Palestine Action was founded in 2020 by activists Huda Ammori and Richard Barnard, who were inspired by the direct action techniques of environmental groups active at the time, such as Just Stop Oil and Extinction Rebellion. This aim gained increasing urgency after the Oct. 7, 2023, Hamas attacks and the subsequent war on Gaza. There was a sharp uptick in recruitment and therefore attacks, which were mostly aimed at Elbit Systems, an Israeli-owned defense company with subsidiaries all over the world, and there were also attacks on the premises of businesses associated with the company. Palestine Action attacks have caused, according to the proscription documents drawn up by the government (which has an interest in exaggerating such costs), millions of pounds worth of damage. Estimates vary, but the court heard that the Filton attack caused £1.2 million worth of damage, and an earlier attack in Glasgow in 2022 caused around another million. According to the words of the government: “Palestine Action is a pro-Palestinian group with the stated aim to support Palestinian sovereignty by using direct criminal action tactics to halt the sale and export of military equipment to Israel.” This description is largely accurate, as Palestine Action’s own comments clearly show, but is it terrorism?
Direct action has a long pedigree in U.K. history, with the suffragettes now lauded as achieving votes for women through their campaign of bombing letter boxes and buildings, and many other actions designed to raise the profile of the cause. (Emily Davies, for example, died after breaking onto the track at the Epsom Derby and bringing down the king’s horse.) “I still believe it’s the most effective, possibly the only effective way, of stopping the supply of weapons to Israel from this country,” Joey Hinchcliffe, one of the Filton Six, told me. “We’ve tried everything else.” Hinchcliffe has just been acquitted of all charges after spending 18 months in prison for their action.
Cooper, the former home secretary, unintentionally supported this view when she explained her decision in The Observer newspaper on Aug. 17, 2025 (during a month traditionally used by politicians to bury news). She began by acknowledging that the scenes of “suffering and devastation in Gaza” were “intolerable,” and that people were understandably feeling “desperate and angry.” She did not point out that those coming out to protest lawfully had therefore achieved nothing in the 22 months since the war in Gaza started (which she wrote as “18 months” of protesting), but it was a lesson easily drawn from her article — and that therefore, as Hinchcliffe noted, everything else Cooper was suggesting had been tried.

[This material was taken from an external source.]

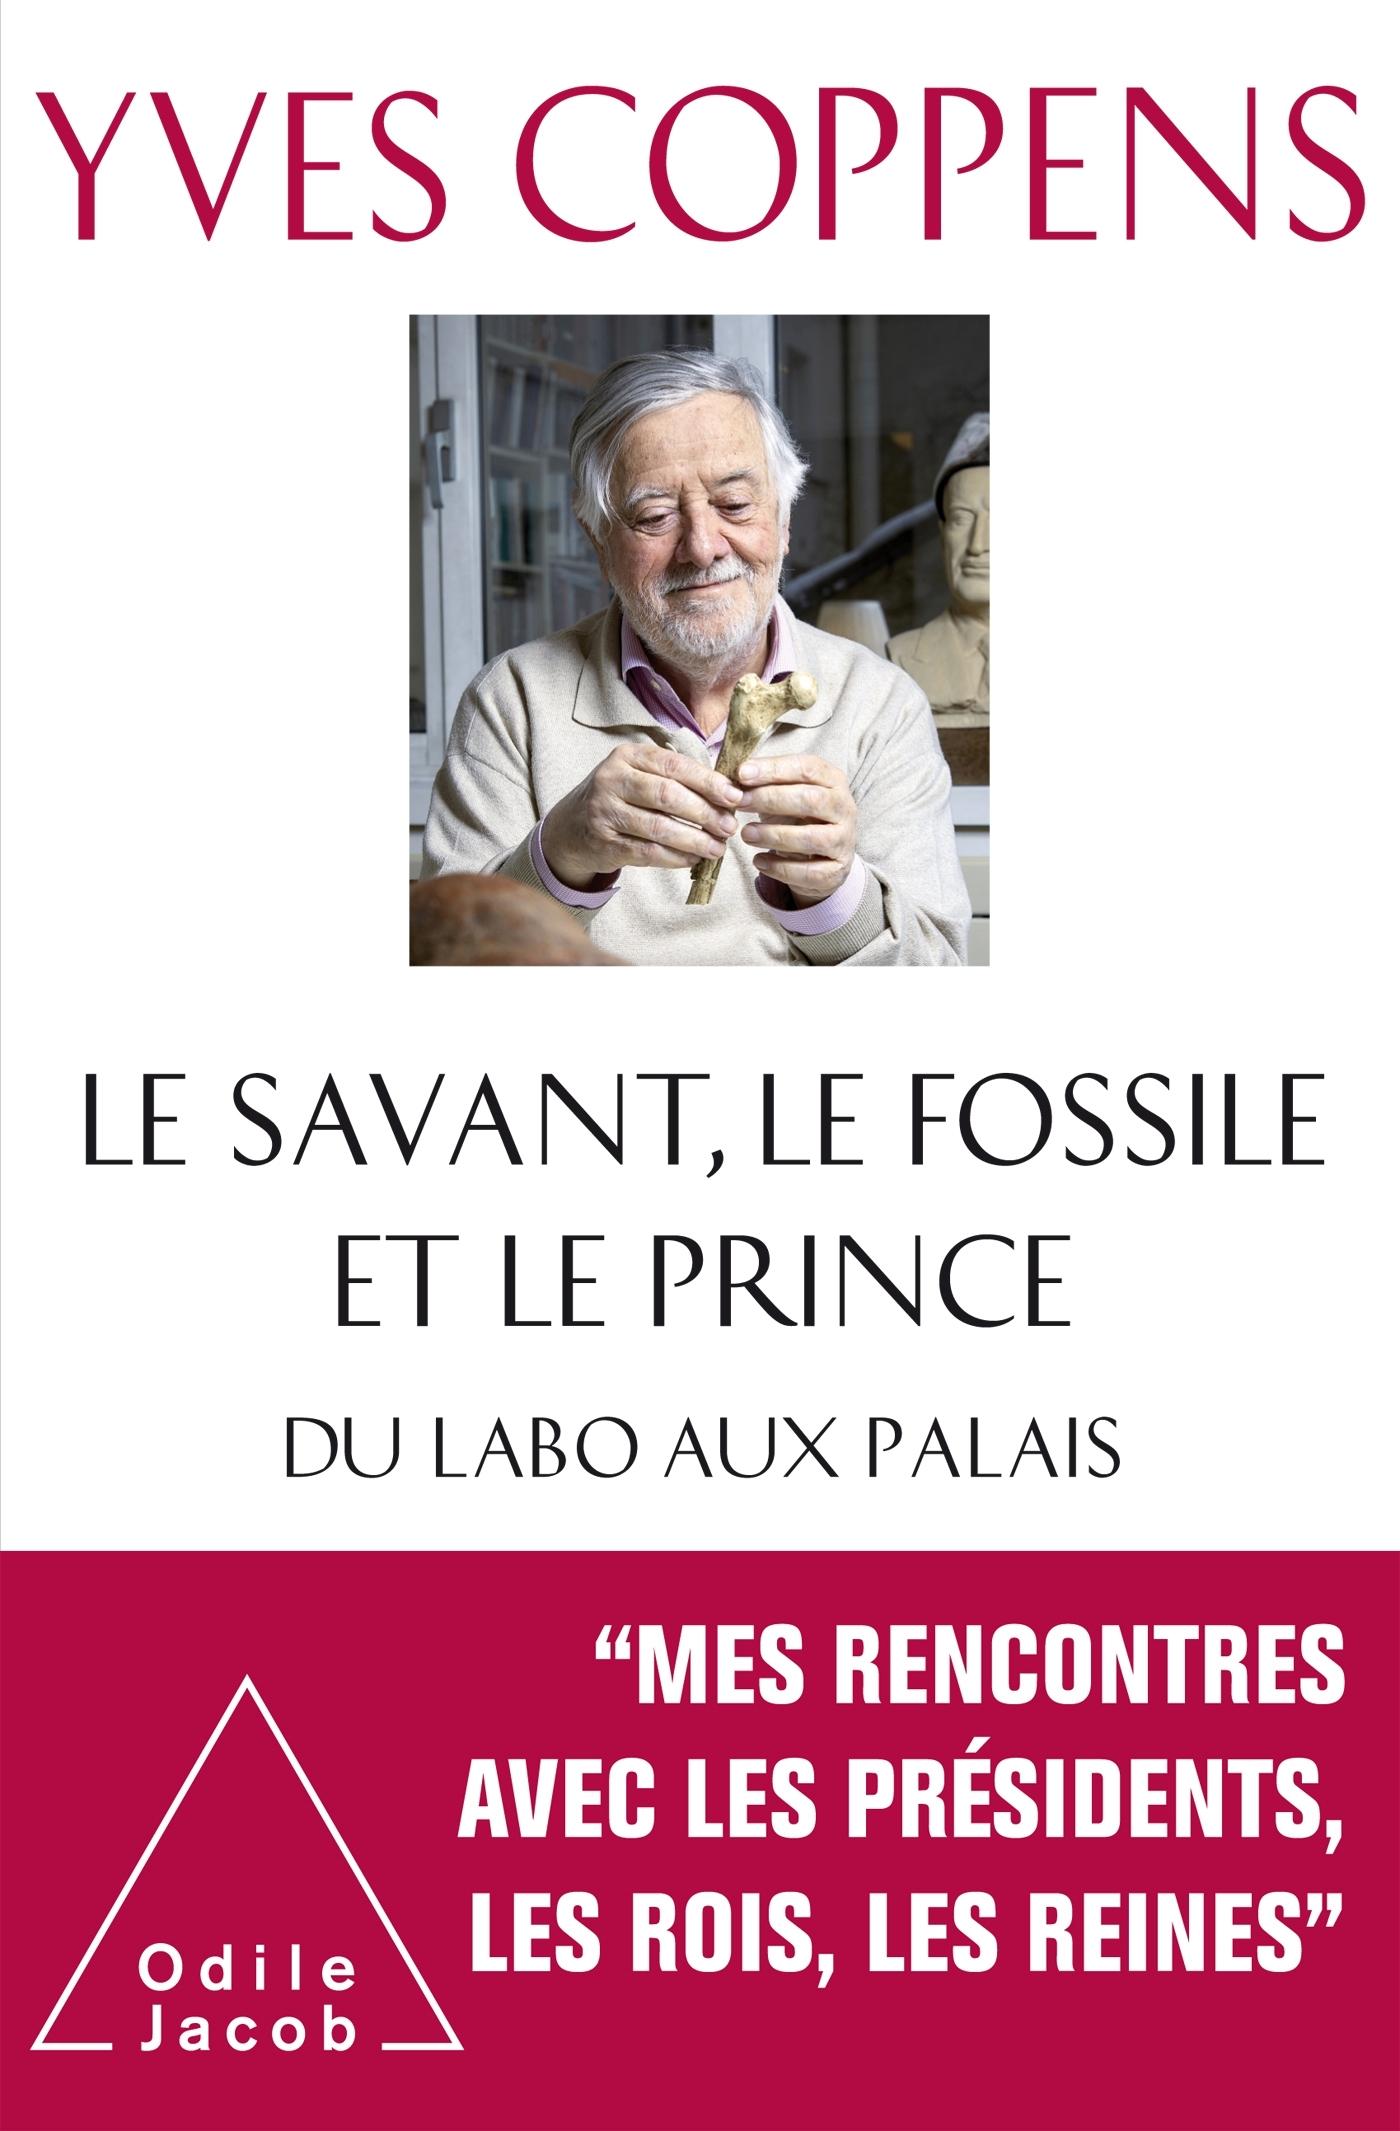 LE SAVANT, LE FOSSILE ET LE PRINCE - DU LABO AUX PALAIS

Implied, too, was that damage to property could be counted as terrorism, a move she did not acknowledge nor explain. The headline asserted that Palestine Action is not lawful protest, and that “Demonstrating is vital to free speech but this right does not extend to violence, intimidation and inflicting injuries.” But those causing the damage did not admit that this was outside the law, “not when the defences of necessity, prevention of crime and protection of property still exist and are applied to cases like mine,” Hinchcliffe wrote to me. Other Palestine Action activists had been acquitted on these defenses, including the “Discovery Five,” who were permitted by their judge to explain their motivations, and used the legal defense of preventing damage to property in Gaza. They were acquitted on June 18, 2026. Cooper neither defended her claim that these are unlawful actions, nor explained her further step of labelling them terrorism.

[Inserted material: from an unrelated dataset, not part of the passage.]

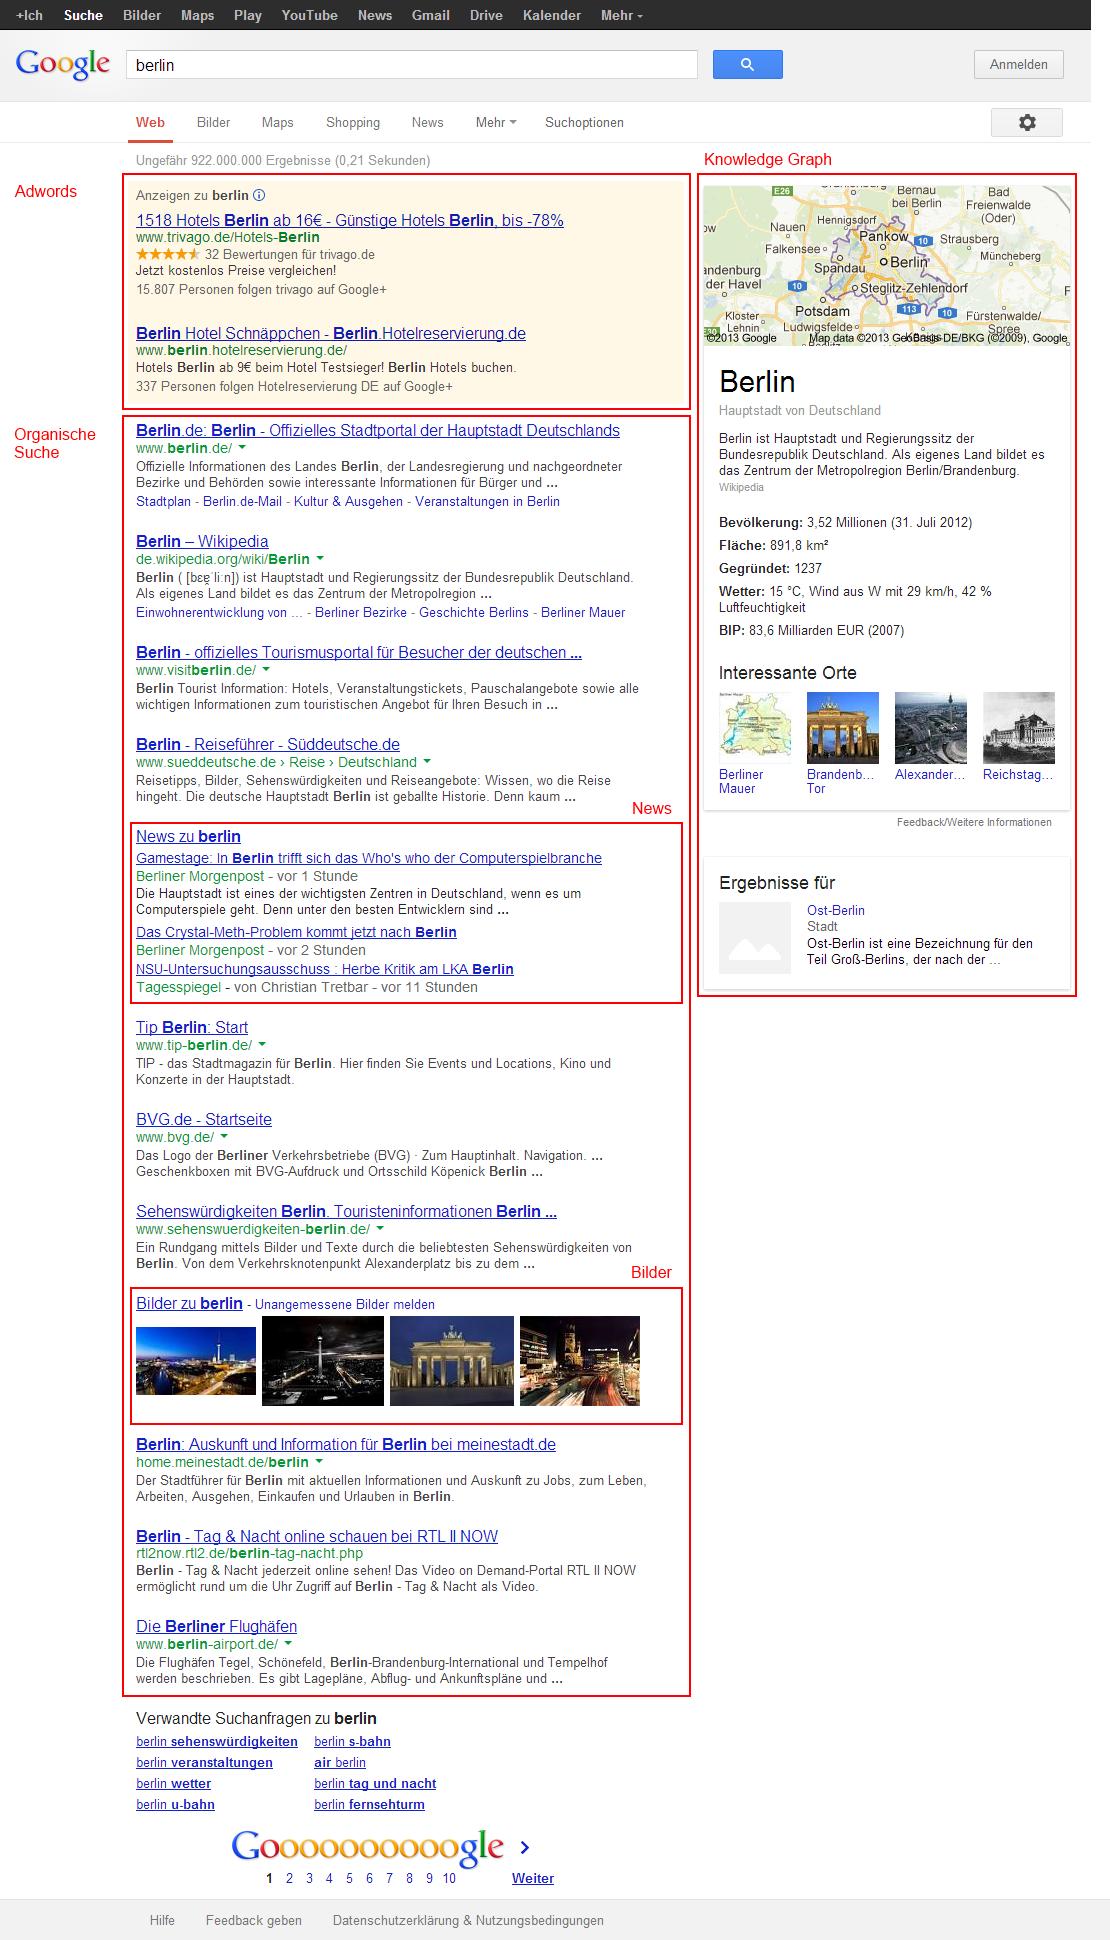 Segmentierung nach Ergebnistypen und Elementen in den Suchergebnisseiten von Google

There was the same conflation when she addressed Parliament on the issue, saying that the vandalism of the two planes was “disgraceful,” pointing out that the group had a “long history of unacceptable criminal damage.” Again, she implied that the damage they inflicted, which was never denied but claimed with pride by the group, amounted to terrorism. Also unexpressed was the fact that the property was destroyed with the single intention of saving lives in the genocide we were all witnessing daily, in acts that had already been deemed illegal under international law.

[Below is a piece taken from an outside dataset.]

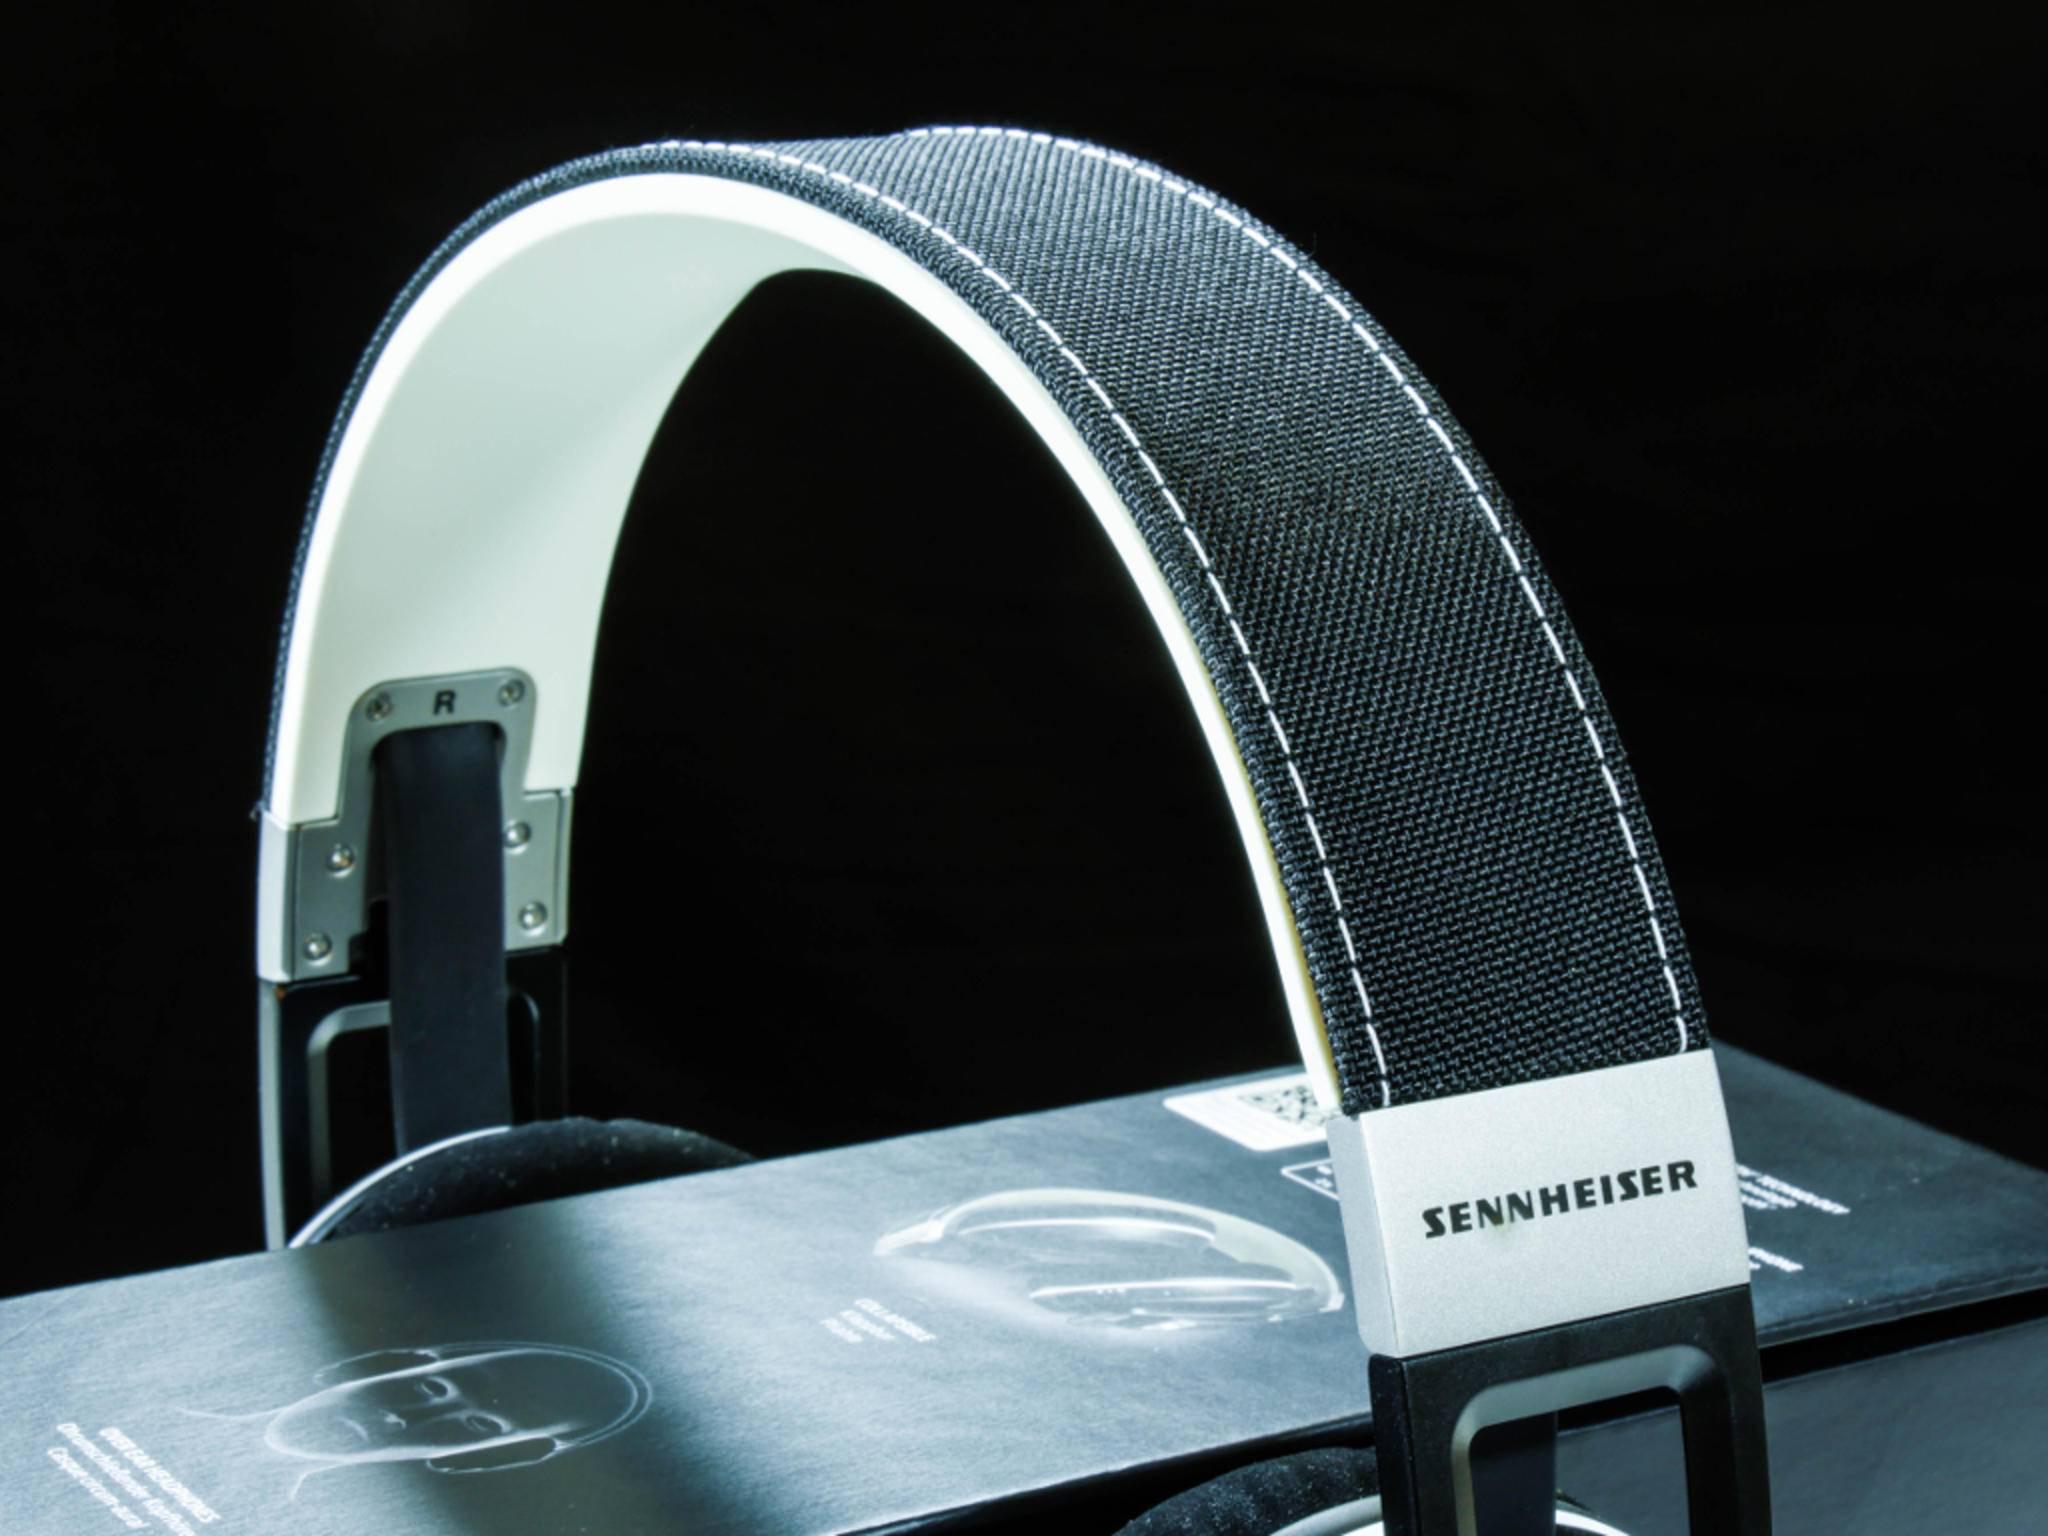 Der Bügel des Kopfhörers kommt im schicken Jeans-Look daher.

Cooper’s article also implied the group was antisemitic, in her description of a “Jewish-owned business in north London badly vandalised in the dead of night by masked men.” This evocation of the ultimate bogeyman, faceless, attacking in the “dead” of night (the timing was actually chosen to lower the risk of injury to people) linked to another article in the Observer, from two weeks before. The linked article reported the vandalism in more depth, and it undermined Cooper’s own point. “The activists stencilled a message on the forecourt in spray paint,” the article said, “It read: ‘Drop Elbit’ — a reference to the Israeli arms manufacturer. The Stamford Hill business owns an industrial park in Kent where a subsidiary of Elbit has a factory.” Thus the action was, again, about disrupting the arms industry.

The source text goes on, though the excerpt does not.